Thursday, June 23, 2011

Performance Monitoring in Linux

There are few useful tools that can help find out a bottleneck of your Linux box performance.

What to monitor first?

The system load is a measure of the amount of work that a computer system performs. You can use this command to read system load:
uptime
Here is a sample output:
... load average: 1.07, 1.63, 2.81
The three values of load average refer to the past 1, 5, and 15 minutes of system operation. These numbers should be read this way: the number represents how well a single CPU can handle load, thus if the number is 1 or less - it is pretty comfortable (the 4-CPU system works well at load number 4 or less); 1.5 - means at least 50% of load is not handled on time, it is queued for processing and is a subject for attention.

System Monitoring

Real time monitoring can be observed with top and htop commands.
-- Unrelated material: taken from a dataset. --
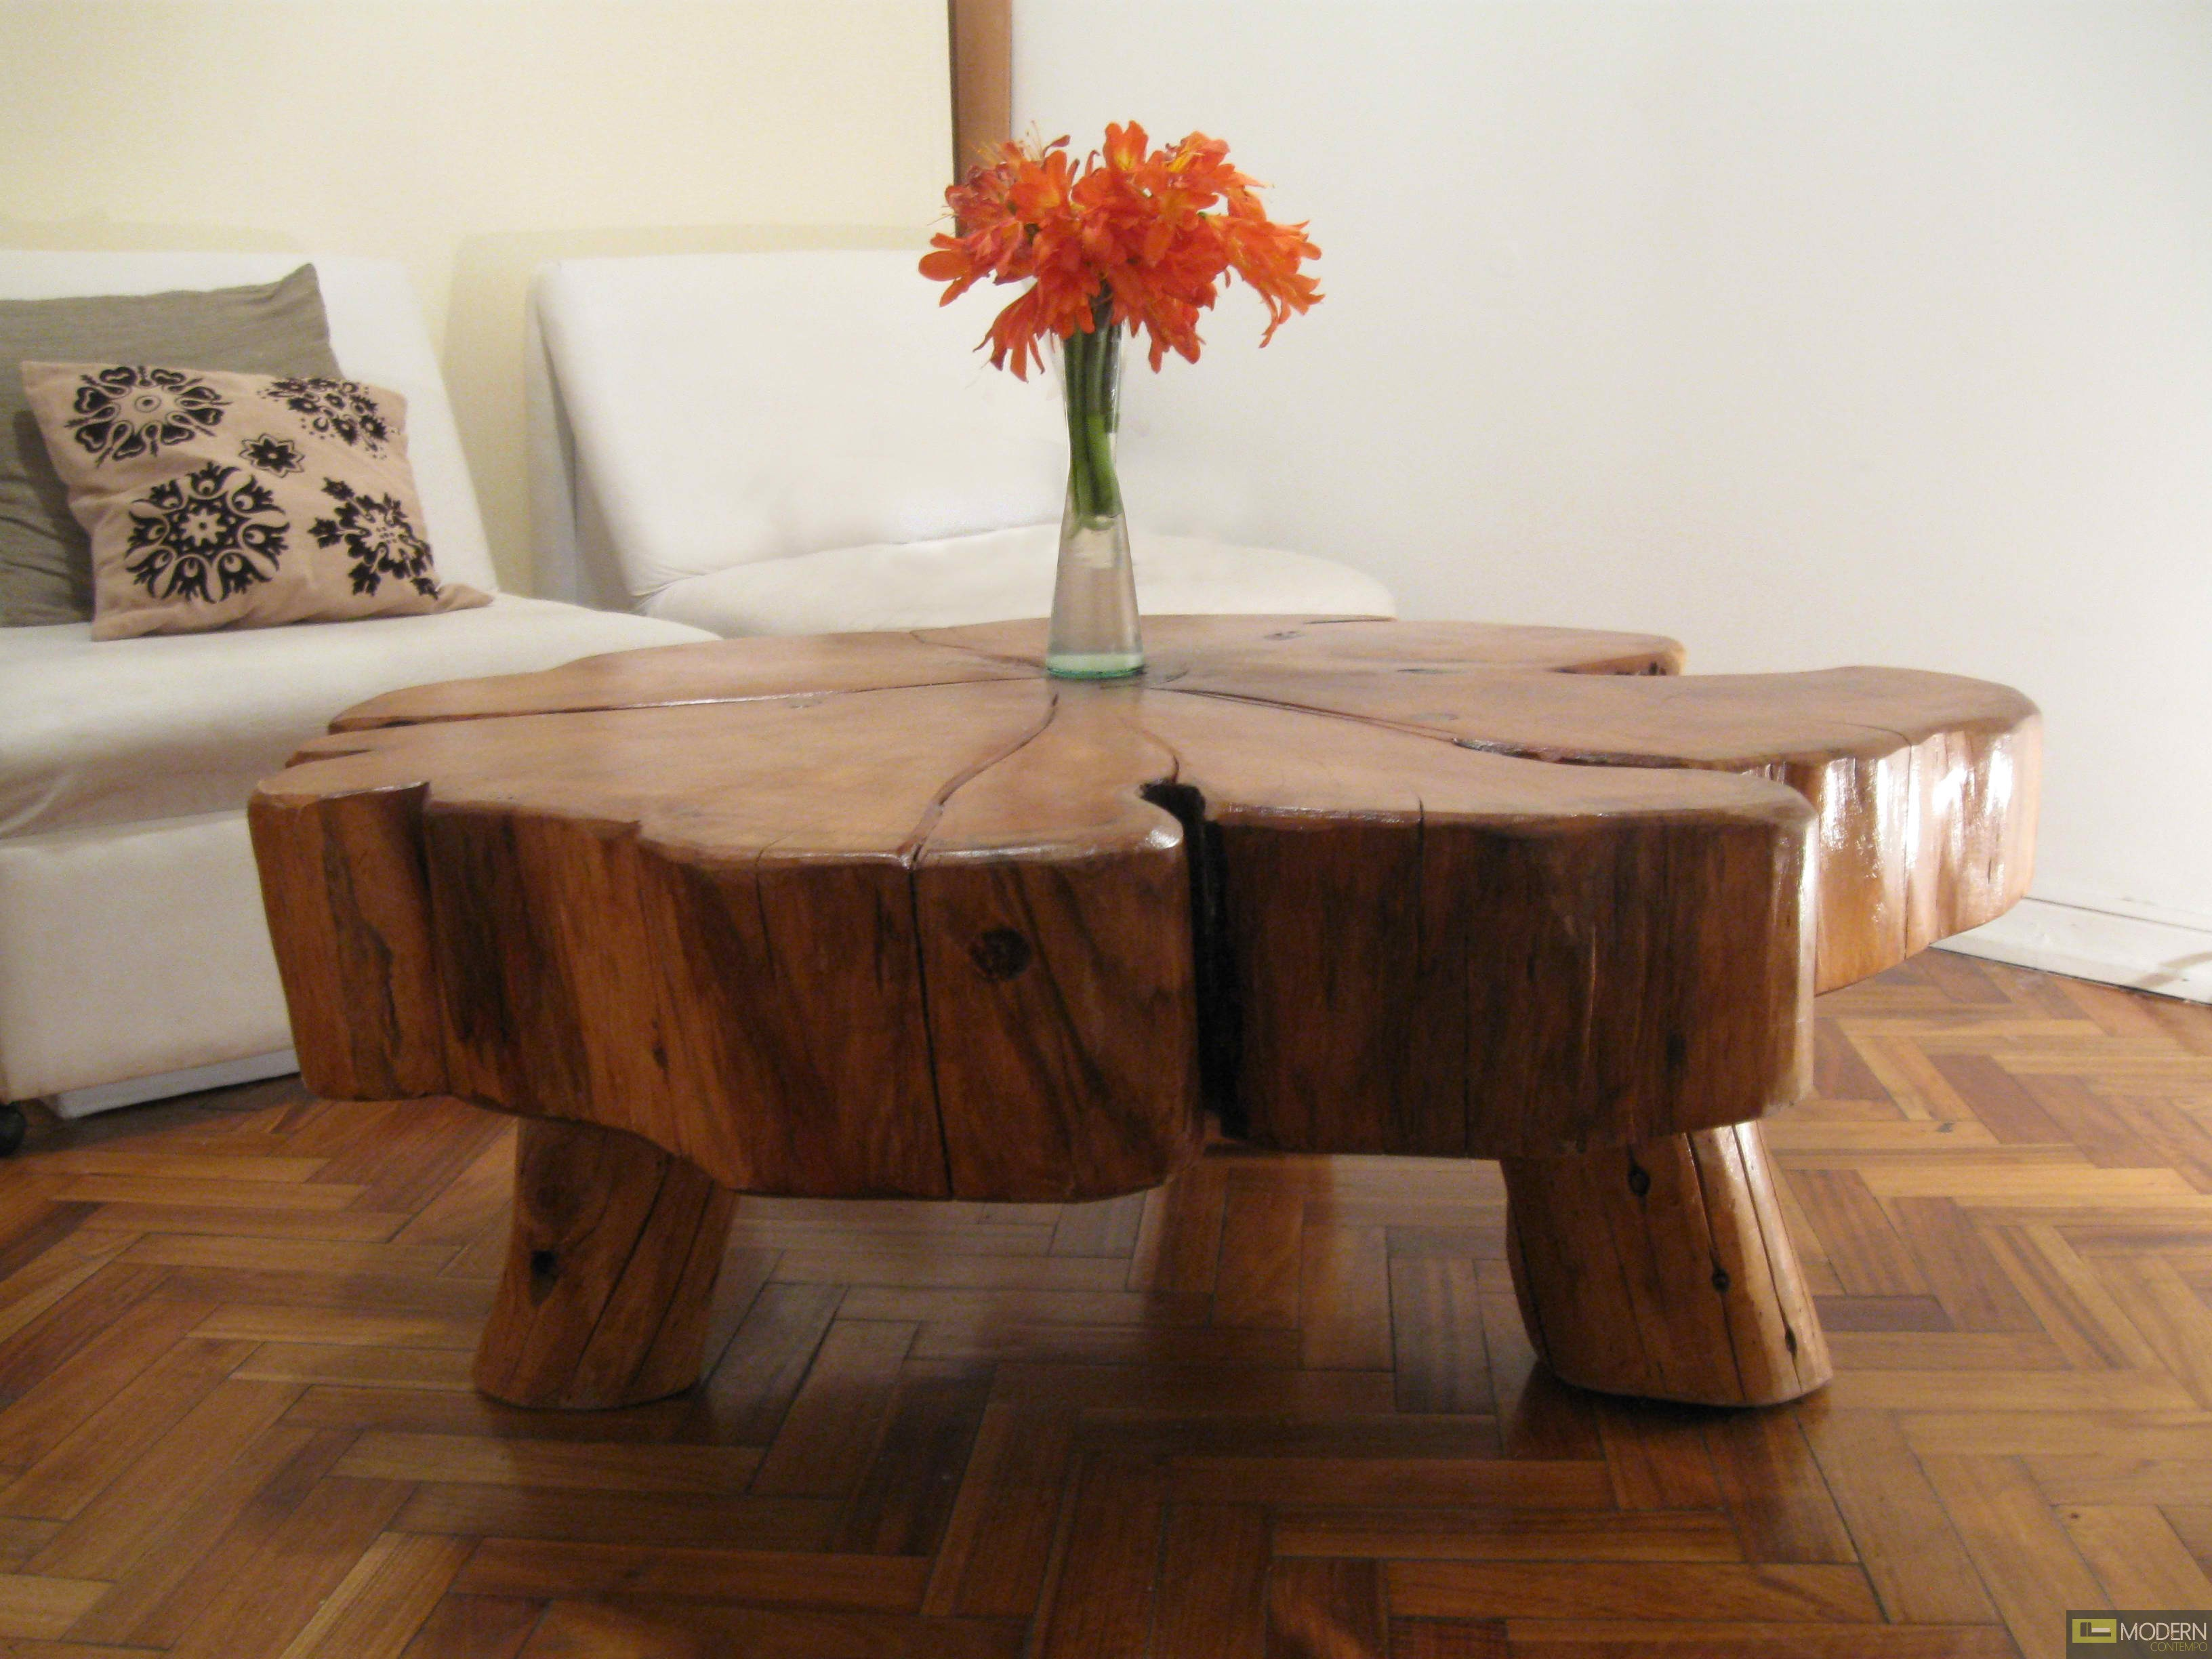 Patagonia Rustic Grand Coffee Table
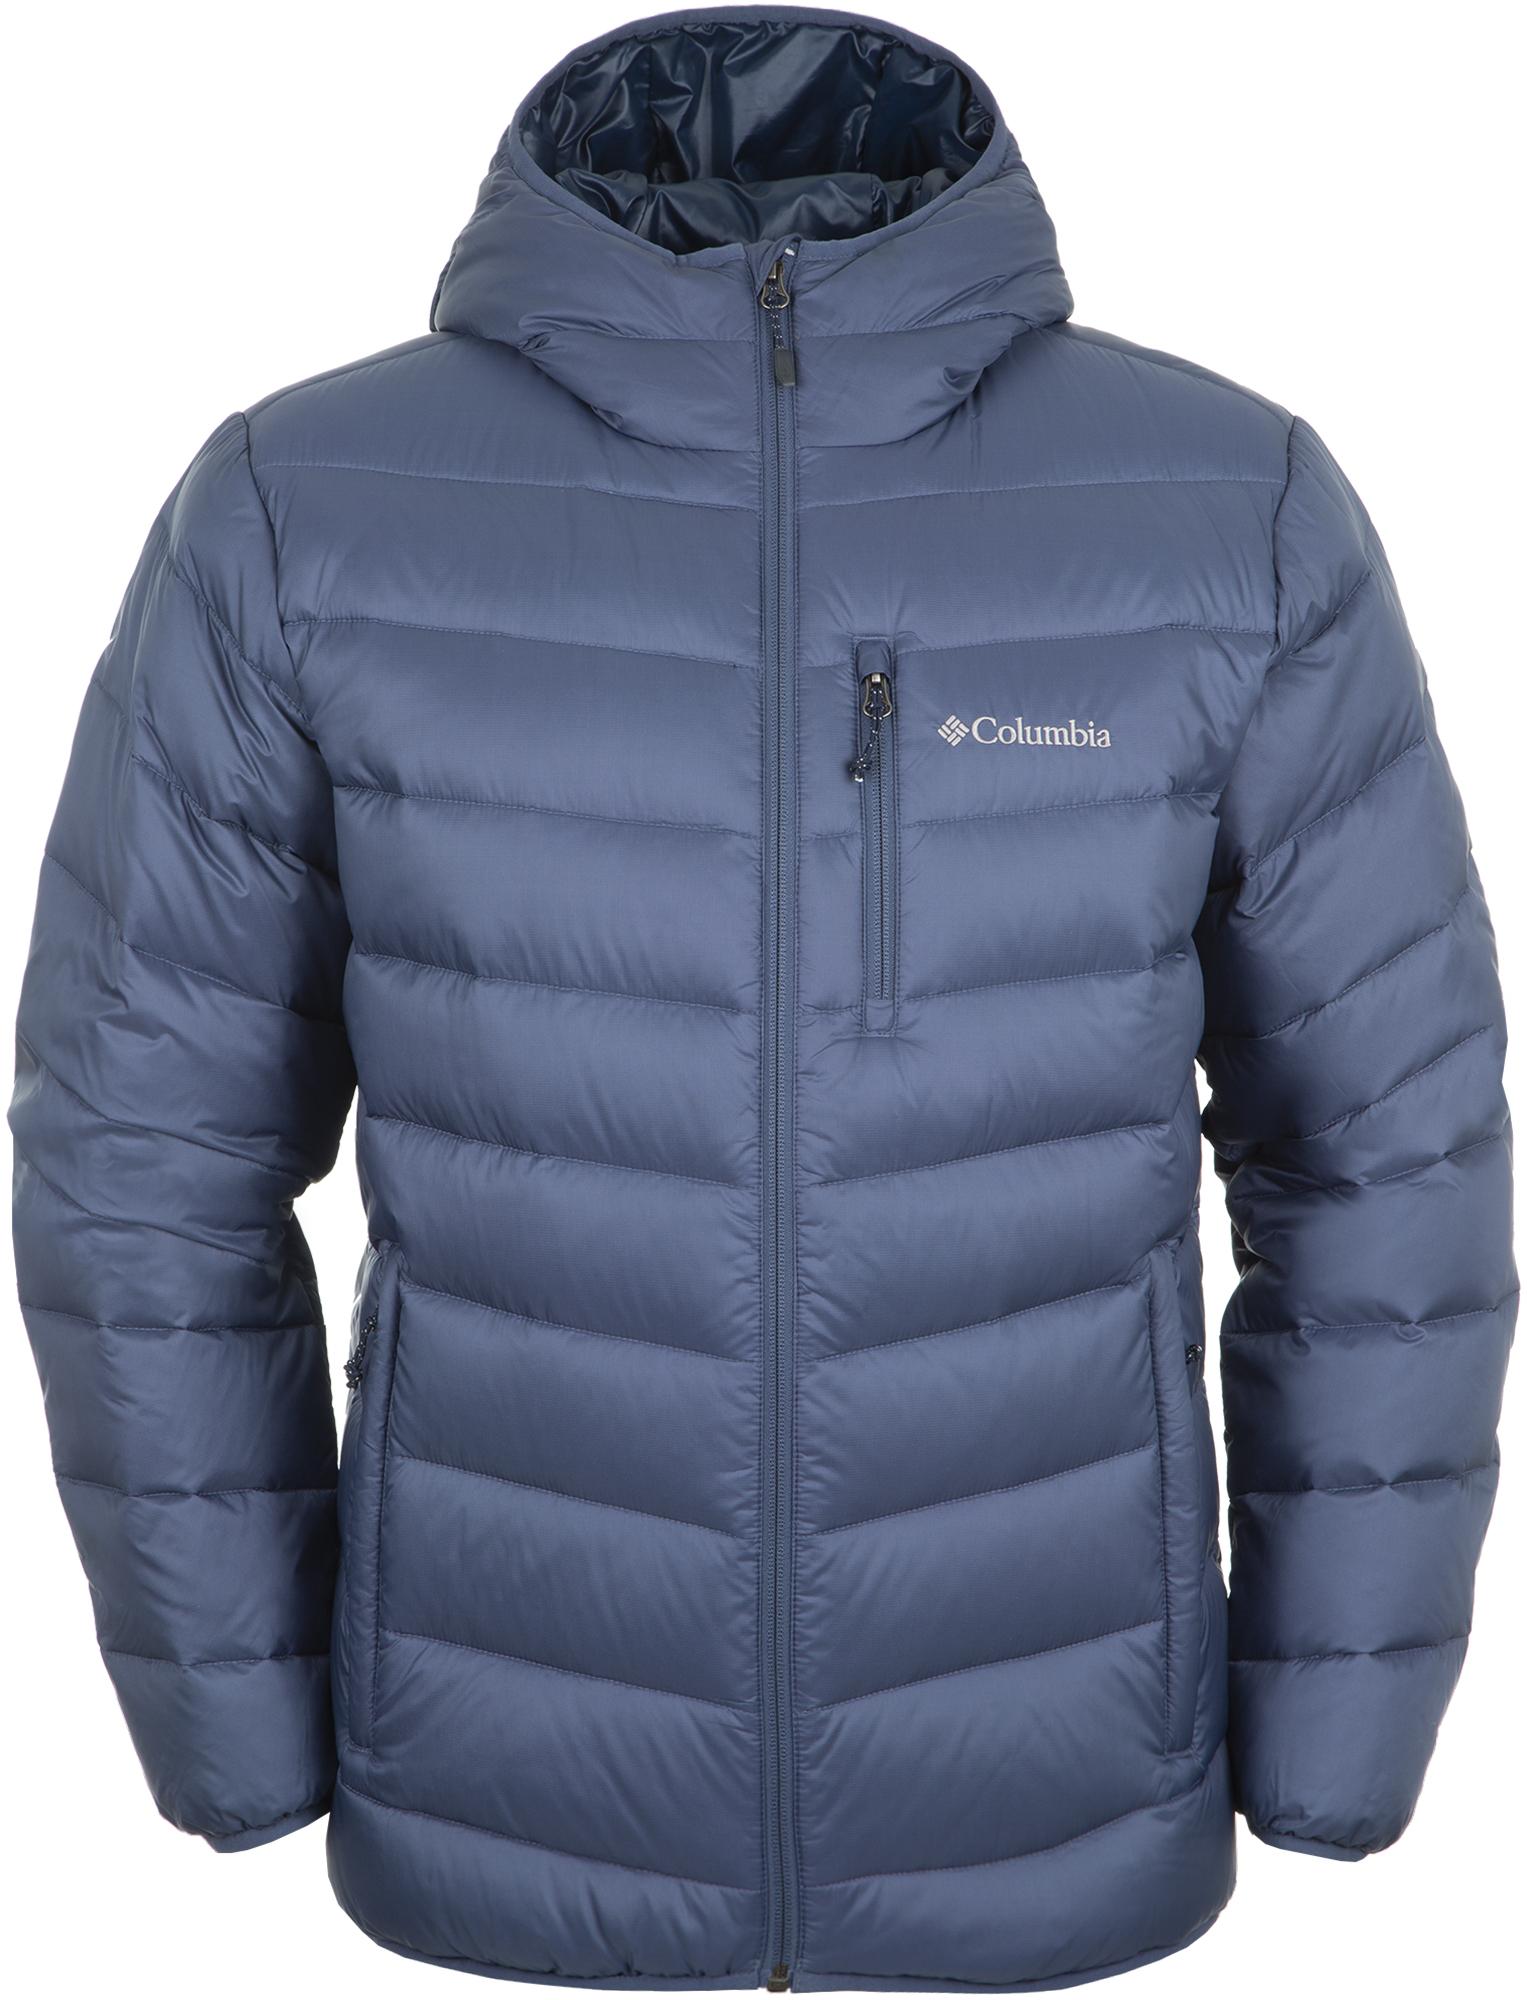 Columbia Куртка пуховая мужская Columbia Hellfire 650 TurboDown, размер 56-58 цена

Command htop gives you more convenient way of what top does. Particularly it is handy to add two more columns (via 'F2' Setup) related to IO read and IO write.
htop
Processors related statistics with mpstat:
watch -n 1 mpstat

Disk Monitoring

IO can be a one of possible bottleneck of system performance degradation. The tool iotop tracks disk I/O by process, and prints a summary report that is refreshed every second.
iotop
Statistic for IO devices and partitions can be monitored with iostat:
watch -n 1 iostat

Who is waiting and blocked?

It is useful to know how the system load goes across processes, however most interest is related to processes that keep waiting for the operation to complete, thus cause delays. Here is a simple command to get this kind of report every second:
watch -n 1 "(ps aux | awk '\$8 ~ /D/  { print \$0 }')"

Network Monitoring

Intensive network related operation can cause the high load as well. Here is a tool that let you have a better idea of your network traffic utilization - iftop:
iftop